What I am needing to do I think is first get a query to generate Events with the end_datetime
equal to the following Event start_datetime
:
EventID | start_datetime | end_datetime |
---|---|---|
1 | 2020-01-01 00:00:00.000 | 2020-01-01 04:55:15.000 |
2 | 2020-01-01 04:55:15.000 | 2021-05-01 16:23:45.000 |
3 | 2021-05-01 16:23:45.000 | NULL |
Which I am able to achieve with:
SELECT
e.id
,e.start_datetime
,MIN(e2.start_datetime) AS end_datetime
FROM
Event e
LEFT JOIN Event e2
ON e2.start_datetime>e.start_datetime
GROUP BY e.id, e.start_datetime
So the solution I have is to take the above and form it into a subquery and then join to it the Activity table using the start and now end datetimes:
SELECT
Events.id AS EventID
,Events.start_datetime
,Events.end_datetime
,Activity.id AS ActivityID
,Activity.log_datetime
FROM
(
SELECT
e.id
,e.start_datetime
,MIN(e2.start_datetime) AS end_datetime
FROM
Event e
LEFT JOIN Event e2
ON e2.start_datetime>e.start_datetime
GROUP BY e.id, e.start_datetime
) Events
LEFT JOIN Activity
ON Activity.log_datetime >= Events.start_datetime
AND (
Activity.log_datetime < Events.end_datetime
OR Events.end_datetime IS NULL
)
ORDER BY
Events.start_datetime
,Activity.log_datetime
Is there a better way to do this? I got the result wanted, but it doesn't feel very efficient with the subquery.
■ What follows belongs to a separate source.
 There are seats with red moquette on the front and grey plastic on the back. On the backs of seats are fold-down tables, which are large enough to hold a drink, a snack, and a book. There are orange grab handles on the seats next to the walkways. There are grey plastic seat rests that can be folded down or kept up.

I know I can and should add indexes on the start_datetime
and log_datetime
columns to increase optimization. But is there any restructure of the query that would also help optimize?
Fiddle Link:
https://dbfiddle.uk/?rdbms=sqlserver_2016&fiddle=b5639752cc9cba32faee10bf3810d950
EDIT: The IDs of the Events are not always in the same order as the start_datetime
. An Event will always last until the next event is started. If there is no next event, then the current event is still in progress. The reason that the IDs are not consistent with the start_datetime
order is because this data is ingested and given auto incremented ids and sometimes the ingestion of Events may come out of sequential datetime order.
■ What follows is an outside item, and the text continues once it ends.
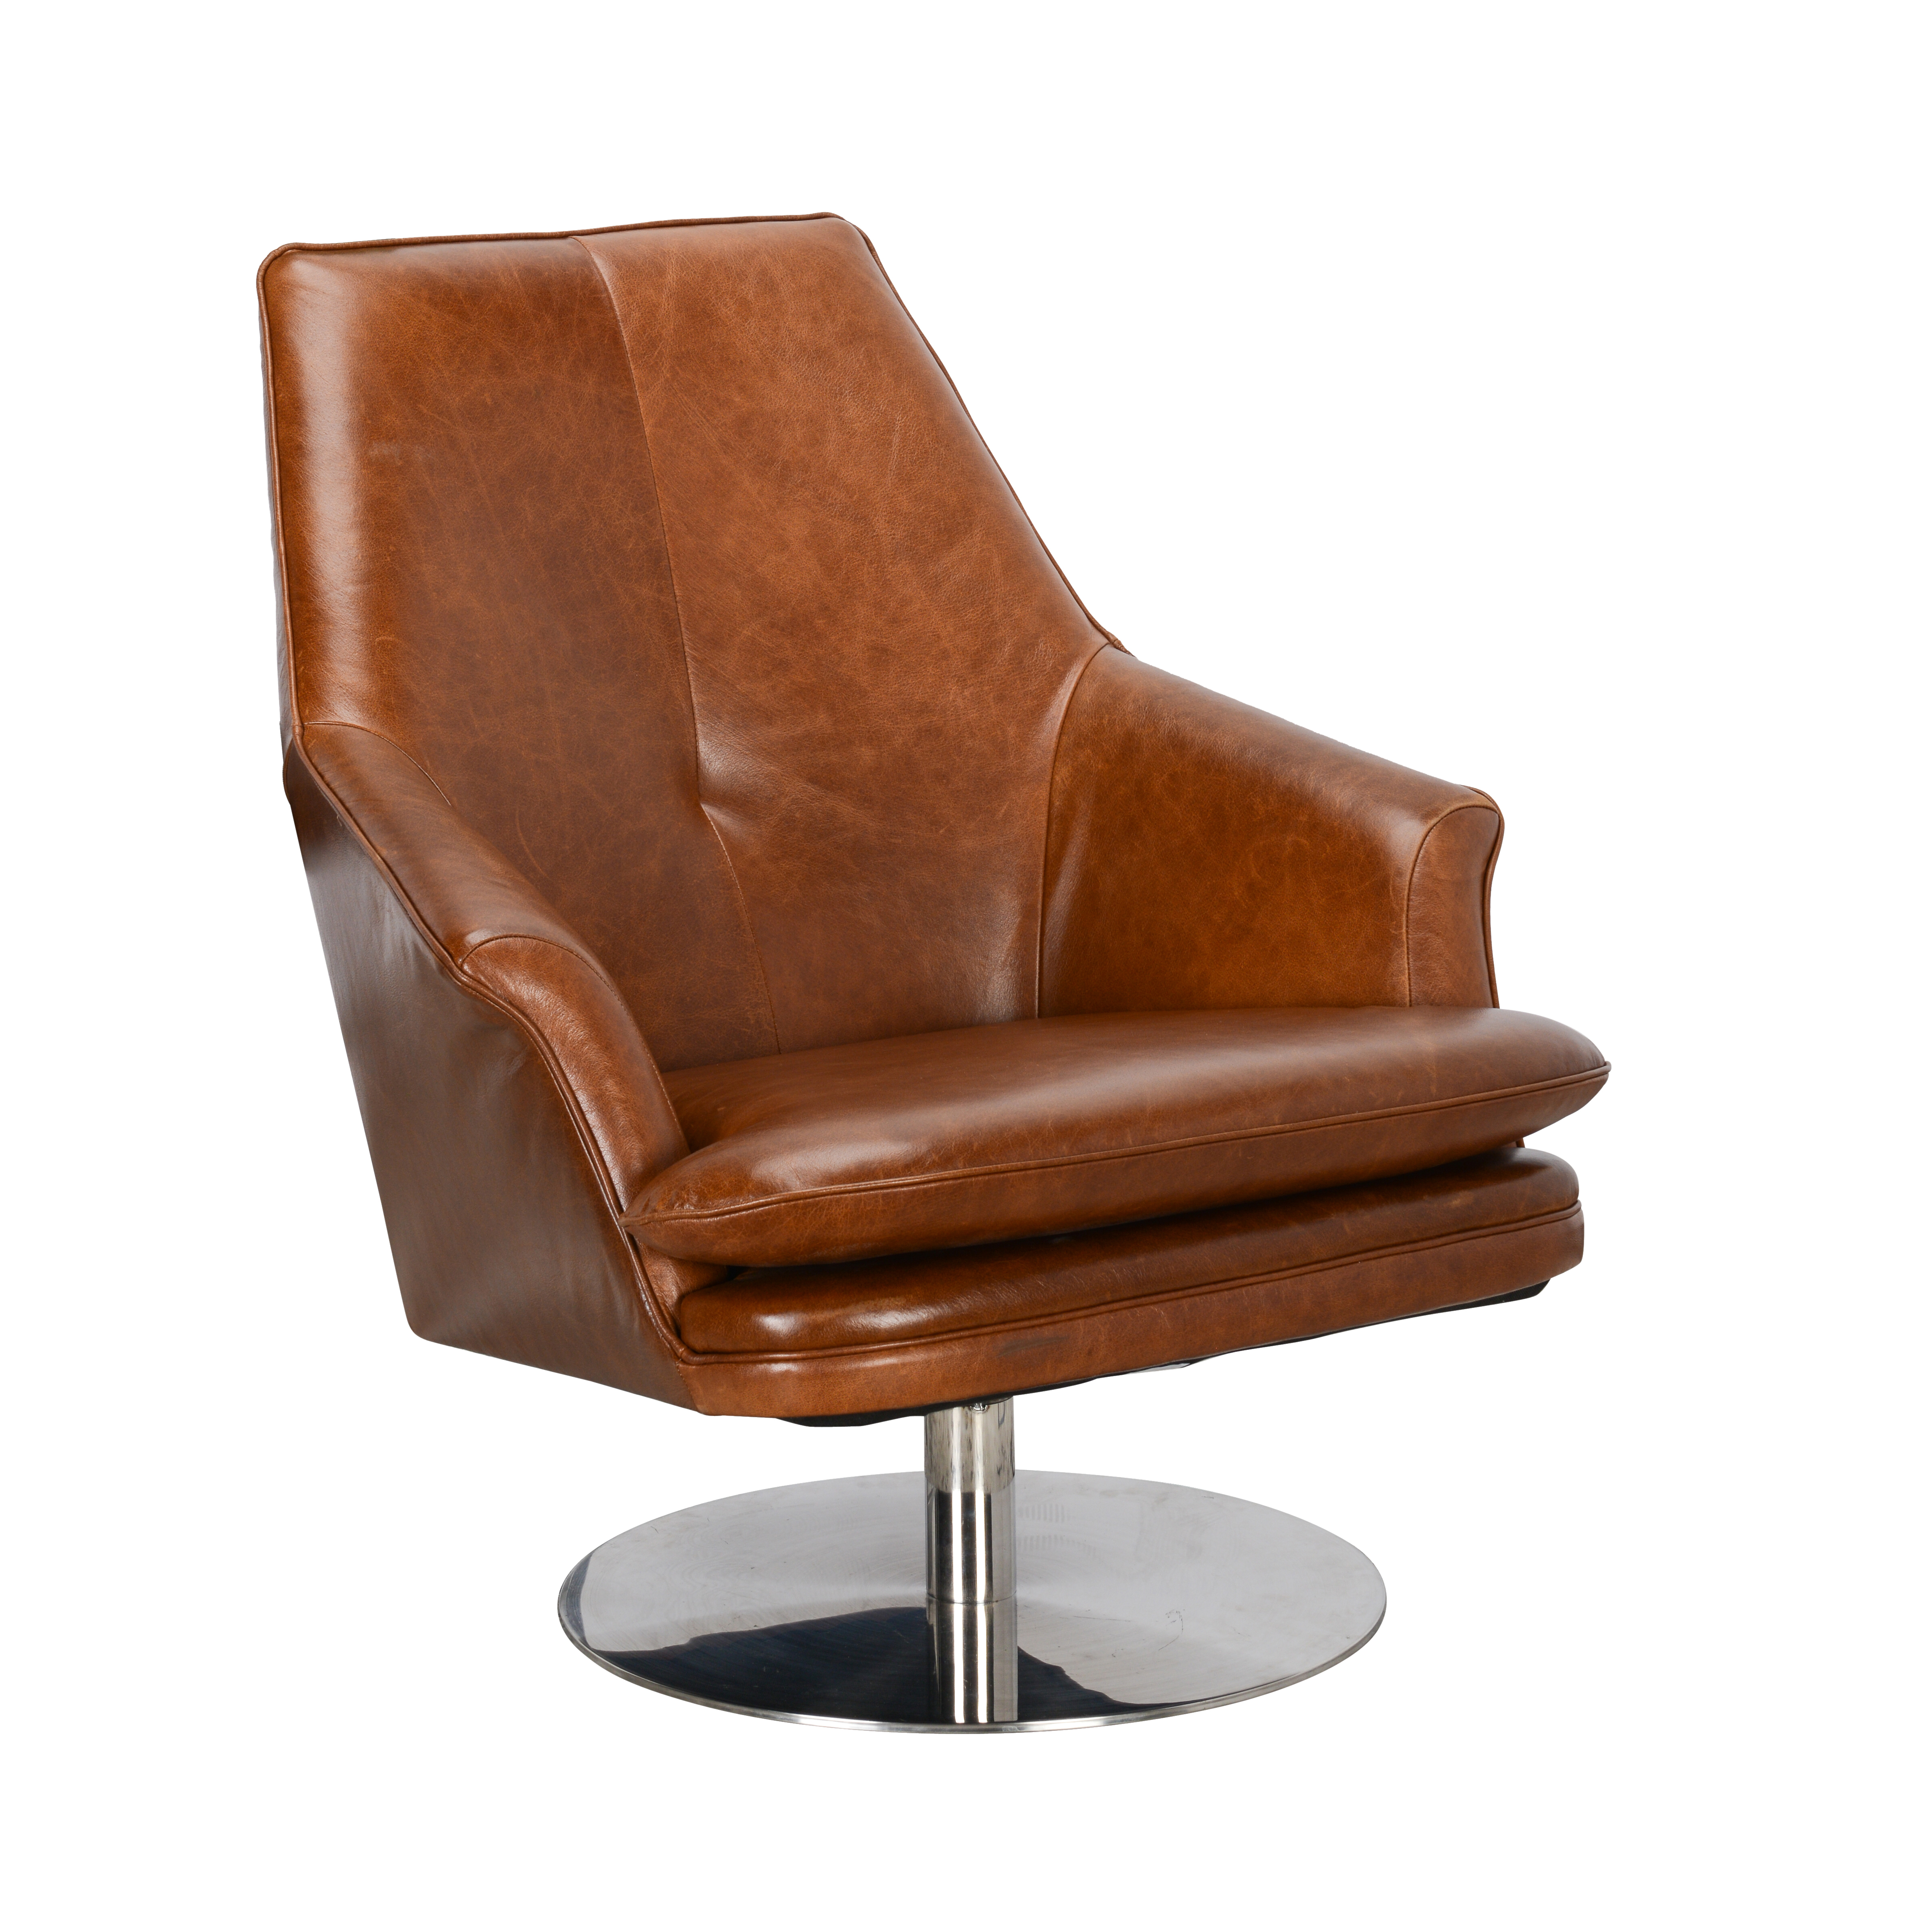 Classic Home Irving swivel chair

CodePudding user response:
You can simplify the query a bit. Start with this subquery to retrieve your Event table including an end_datetime. Using the LEAD windowing function.
SELECT id, start_datetime,
LEAD (start_datetime, 1) OVER (ORDER BY start_datetime ASC)
FROM Event
Will this make the query faster? Probably: LEAD()
is generally more efficient than MIN() ... LEFT JOIN ... GROUP BY
because it has to wrangle less data.
Then use it with your (correct) logic to join the Activity table. Using a Common Table Expression, the query now looks like this.
WITH StartEnd AS (
SELECT
id, start_datetime,
LEAD (start_datetime, 1) OVER (ORDER BY start_datetime ASC) end_datetime
FROM Event a
)
SELECT StartEnd.id EventId, StartEnd.start_datetime, StartEnd.end_datetime,
Activity.id ActivityId, Activity.log_datetime
FROM StartEnd
LEFT JOIN Activity
ON Activity.log_datetime >= StartEnd.start_datetime
AND ( Activity.log_datetime < StartEnd.end_datetime
OR StartEnd.end_datetime IS NULL)
ORDER BY StartEnd.start_datetime, Activity.log_datetime;
I suspect an index on Event (start_datetime)
will help. And so will an index on Activity(log_datetime)
. You can omit id
from those indexes because id
is the PK on both tables and is implicitly part of any other index.
But to be sure, when you run this query with your real data in SSMS, right-click in the query window, choose Show Actual Execution Plan, then run the query and examine the plan. Those Actual plans sometimes suggest appropriate indexes.
Common Table Expressions definitely make queries easier to read. And the way the query planner works, they don't harm performance compared to using subqueries.